● ASSIGNMENT:
Copy exactly the lines of the data below that run from the line holding "Lindsay Davenport: I" through the line holding "[ BK PRECISION", both ends included.

Dataset excerpts
------------------------
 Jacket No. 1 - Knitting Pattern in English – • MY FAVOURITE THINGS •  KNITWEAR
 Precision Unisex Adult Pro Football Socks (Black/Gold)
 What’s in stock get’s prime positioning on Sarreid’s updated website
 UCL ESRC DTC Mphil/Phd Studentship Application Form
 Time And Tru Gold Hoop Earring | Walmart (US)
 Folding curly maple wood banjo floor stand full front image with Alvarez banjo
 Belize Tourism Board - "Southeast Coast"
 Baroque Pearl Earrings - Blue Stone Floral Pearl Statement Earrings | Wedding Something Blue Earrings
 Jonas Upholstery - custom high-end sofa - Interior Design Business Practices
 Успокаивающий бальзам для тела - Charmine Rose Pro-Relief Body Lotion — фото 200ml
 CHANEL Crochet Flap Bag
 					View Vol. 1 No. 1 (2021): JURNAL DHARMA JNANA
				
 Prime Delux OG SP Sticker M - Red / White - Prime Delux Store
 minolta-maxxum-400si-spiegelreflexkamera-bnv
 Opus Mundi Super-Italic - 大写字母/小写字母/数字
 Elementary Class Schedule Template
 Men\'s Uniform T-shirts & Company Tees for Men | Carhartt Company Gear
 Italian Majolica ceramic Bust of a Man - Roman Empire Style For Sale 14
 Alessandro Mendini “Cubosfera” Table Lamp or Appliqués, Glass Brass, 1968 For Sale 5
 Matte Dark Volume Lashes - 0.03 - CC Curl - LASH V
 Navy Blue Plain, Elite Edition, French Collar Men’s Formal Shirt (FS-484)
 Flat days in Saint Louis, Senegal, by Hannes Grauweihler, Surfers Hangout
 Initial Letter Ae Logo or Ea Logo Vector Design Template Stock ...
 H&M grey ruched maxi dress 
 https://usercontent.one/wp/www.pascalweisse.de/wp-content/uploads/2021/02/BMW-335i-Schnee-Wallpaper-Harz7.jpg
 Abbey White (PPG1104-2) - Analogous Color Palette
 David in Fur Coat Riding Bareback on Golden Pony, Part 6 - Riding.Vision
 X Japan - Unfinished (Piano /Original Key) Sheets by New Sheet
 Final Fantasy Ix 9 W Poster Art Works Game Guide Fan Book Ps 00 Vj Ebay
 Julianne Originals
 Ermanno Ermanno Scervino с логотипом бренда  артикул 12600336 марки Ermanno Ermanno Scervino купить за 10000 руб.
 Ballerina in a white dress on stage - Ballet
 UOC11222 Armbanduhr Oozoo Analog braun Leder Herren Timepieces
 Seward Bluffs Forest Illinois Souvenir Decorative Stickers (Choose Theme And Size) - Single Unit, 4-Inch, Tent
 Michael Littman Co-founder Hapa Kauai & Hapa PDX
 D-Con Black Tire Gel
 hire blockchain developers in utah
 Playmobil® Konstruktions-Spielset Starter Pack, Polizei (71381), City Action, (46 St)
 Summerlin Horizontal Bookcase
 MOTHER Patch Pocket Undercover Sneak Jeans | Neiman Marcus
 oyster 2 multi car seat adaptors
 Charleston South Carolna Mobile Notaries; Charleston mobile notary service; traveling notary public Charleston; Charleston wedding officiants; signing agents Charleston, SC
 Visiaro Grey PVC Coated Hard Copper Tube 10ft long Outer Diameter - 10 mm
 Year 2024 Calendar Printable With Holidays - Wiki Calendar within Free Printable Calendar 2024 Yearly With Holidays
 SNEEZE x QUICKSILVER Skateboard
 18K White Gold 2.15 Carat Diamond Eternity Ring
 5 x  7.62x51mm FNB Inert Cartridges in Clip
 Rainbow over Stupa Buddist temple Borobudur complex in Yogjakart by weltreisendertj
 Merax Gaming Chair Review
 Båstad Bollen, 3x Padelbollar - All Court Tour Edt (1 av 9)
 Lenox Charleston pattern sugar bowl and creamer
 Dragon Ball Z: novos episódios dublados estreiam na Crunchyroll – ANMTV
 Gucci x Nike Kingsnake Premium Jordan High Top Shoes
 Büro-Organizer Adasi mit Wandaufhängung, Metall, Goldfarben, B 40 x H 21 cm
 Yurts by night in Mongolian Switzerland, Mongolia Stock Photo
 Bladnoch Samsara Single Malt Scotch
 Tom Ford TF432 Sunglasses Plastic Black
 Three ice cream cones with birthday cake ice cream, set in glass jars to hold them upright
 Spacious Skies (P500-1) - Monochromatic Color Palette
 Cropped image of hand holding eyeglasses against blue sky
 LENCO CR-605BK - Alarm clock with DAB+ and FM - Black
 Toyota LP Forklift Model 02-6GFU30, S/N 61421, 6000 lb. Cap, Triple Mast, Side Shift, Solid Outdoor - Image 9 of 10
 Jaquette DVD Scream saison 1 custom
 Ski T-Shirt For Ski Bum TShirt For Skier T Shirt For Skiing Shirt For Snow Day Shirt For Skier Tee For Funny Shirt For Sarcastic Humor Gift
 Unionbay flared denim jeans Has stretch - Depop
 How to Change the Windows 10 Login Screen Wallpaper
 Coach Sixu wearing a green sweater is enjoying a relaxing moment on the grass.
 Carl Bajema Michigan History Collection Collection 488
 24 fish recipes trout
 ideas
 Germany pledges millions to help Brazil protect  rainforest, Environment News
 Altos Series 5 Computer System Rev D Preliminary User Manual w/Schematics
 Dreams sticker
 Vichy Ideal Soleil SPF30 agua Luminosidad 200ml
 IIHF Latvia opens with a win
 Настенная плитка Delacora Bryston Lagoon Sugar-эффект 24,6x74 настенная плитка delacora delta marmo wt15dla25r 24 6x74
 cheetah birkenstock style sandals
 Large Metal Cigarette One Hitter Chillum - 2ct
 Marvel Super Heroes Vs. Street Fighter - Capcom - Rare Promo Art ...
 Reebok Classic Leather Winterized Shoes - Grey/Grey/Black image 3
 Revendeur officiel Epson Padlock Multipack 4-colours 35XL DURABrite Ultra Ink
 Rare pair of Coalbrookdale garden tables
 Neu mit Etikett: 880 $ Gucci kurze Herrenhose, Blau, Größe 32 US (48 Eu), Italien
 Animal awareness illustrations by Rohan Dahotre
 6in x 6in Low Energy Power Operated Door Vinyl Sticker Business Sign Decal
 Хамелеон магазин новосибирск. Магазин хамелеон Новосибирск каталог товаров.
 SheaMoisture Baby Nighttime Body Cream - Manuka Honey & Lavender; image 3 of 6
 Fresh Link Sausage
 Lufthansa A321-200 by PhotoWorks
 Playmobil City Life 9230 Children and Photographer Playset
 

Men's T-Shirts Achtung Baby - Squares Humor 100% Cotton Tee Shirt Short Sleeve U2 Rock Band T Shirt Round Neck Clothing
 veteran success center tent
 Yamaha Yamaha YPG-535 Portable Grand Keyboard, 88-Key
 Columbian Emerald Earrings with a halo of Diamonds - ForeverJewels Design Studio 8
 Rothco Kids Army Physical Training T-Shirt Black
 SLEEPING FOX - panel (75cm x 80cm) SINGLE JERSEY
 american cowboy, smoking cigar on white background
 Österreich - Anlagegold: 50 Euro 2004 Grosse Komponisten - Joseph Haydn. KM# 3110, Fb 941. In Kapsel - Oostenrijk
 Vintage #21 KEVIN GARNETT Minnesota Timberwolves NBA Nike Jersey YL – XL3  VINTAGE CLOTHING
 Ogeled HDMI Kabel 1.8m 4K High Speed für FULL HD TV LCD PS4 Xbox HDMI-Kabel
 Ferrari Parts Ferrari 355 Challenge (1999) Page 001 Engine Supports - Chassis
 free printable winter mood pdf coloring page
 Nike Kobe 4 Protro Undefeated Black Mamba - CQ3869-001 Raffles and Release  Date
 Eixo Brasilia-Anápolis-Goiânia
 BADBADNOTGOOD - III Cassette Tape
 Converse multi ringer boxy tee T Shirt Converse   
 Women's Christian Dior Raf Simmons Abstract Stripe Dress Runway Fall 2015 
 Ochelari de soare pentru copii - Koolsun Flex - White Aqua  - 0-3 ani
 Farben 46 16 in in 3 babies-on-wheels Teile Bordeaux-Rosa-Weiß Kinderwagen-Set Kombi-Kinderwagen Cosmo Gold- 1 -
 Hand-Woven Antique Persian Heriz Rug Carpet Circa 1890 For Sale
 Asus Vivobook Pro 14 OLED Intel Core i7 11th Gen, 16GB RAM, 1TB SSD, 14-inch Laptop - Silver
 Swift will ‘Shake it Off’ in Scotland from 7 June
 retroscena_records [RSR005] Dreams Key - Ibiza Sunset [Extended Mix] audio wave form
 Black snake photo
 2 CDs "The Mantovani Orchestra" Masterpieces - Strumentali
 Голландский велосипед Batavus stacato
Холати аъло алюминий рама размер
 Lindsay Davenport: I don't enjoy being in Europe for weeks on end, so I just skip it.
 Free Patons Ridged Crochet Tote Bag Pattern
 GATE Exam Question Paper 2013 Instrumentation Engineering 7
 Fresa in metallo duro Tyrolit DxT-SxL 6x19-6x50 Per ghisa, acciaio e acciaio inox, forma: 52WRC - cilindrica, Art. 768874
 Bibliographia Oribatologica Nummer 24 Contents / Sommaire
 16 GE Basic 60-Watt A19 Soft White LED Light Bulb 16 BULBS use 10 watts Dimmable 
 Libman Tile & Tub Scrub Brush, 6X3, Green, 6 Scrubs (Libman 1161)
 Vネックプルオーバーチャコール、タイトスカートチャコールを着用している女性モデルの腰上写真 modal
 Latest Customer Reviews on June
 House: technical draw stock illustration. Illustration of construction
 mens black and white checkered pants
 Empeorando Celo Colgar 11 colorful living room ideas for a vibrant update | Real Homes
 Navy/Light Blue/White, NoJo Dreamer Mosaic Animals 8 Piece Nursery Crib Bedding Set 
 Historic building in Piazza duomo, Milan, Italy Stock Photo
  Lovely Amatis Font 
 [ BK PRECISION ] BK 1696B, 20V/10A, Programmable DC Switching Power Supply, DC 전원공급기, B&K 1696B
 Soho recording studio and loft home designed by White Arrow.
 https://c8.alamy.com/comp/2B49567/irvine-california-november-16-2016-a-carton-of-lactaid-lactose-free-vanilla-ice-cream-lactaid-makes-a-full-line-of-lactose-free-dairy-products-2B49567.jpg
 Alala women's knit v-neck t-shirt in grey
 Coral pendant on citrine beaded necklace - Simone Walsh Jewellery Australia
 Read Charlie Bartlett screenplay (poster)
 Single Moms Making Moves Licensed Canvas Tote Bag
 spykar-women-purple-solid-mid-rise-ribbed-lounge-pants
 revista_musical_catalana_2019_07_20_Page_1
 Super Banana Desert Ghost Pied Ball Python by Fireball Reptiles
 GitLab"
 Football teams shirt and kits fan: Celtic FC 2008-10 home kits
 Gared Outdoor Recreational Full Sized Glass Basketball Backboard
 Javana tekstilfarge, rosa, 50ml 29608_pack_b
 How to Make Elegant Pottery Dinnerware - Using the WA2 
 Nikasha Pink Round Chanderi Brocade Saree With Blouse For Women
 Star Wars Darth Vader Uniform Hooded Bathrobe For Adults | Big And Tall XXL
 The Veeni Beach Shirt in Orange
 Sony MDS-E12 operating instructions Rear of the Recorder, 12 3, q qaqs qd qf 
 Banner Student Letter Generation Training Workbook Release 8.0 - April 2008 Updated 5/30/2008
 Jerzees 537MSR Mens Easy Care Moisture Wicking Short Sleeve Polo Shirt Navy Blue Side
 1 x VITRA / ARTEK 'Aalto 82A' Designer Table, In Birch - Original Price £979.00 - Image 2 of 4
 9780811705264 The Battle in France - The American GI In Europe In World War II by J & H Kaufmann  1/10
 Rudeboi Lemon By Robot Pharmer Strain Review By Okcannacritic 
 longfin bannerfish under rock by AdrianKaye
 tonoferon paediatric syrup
------------------------
● SOLUTION TO THE PROBLEM:
 Lindsay Davenport: I don't enjoy being in Europe for weeks on end, so I just skip it.
 Free Patons Ridged Crochet Tote Bag Pattern
 GATE Exam Question Paper 2013 Instrumentation Engineering 7
 Fresa in metallo duro Tyrolit DxT-SxL 6x19-6x50 Per ghisa, acciaio e acciaio inox, forma: 52WRC - cilindrica, Art. 768874
 Bibliographia Oribatologica Nummer 24 Contents / Sommaire
 16 GE Basic 60-Watt A19 Soft White LED Light Bulb 16 BULBS use 10 watts Dimmable 
 Libman Tile & Tub Scrub Brush, 6X3, Green, 6 Scrubs (Libman 1161)
 Vネックプルオーバーチャコール、タイトスカートチャコールを着用している女性モデルの腰上写真 modal
 Latest Customer Reviews on June
 House: technical draw stock illustration. Illustration of construction
 mens black and white checkered pants
 Empeorando Celo Colgar 11 colorful living room ideas for a vibrant update | Real Homes
 Navy/Light Blue/White, NoJo Dreamer Mosaic Animals 8 Piece Nursery Crib Bedding Set 
 Historic building in Piazza duomo, Milan, Italy Stock Photo
  Lovely Amatis Font 
 [ BK PRECISION ] BK 1696B, 20V/10A, Programmable DC Switching Power Supply, DC 전원공급기, B&K 1696B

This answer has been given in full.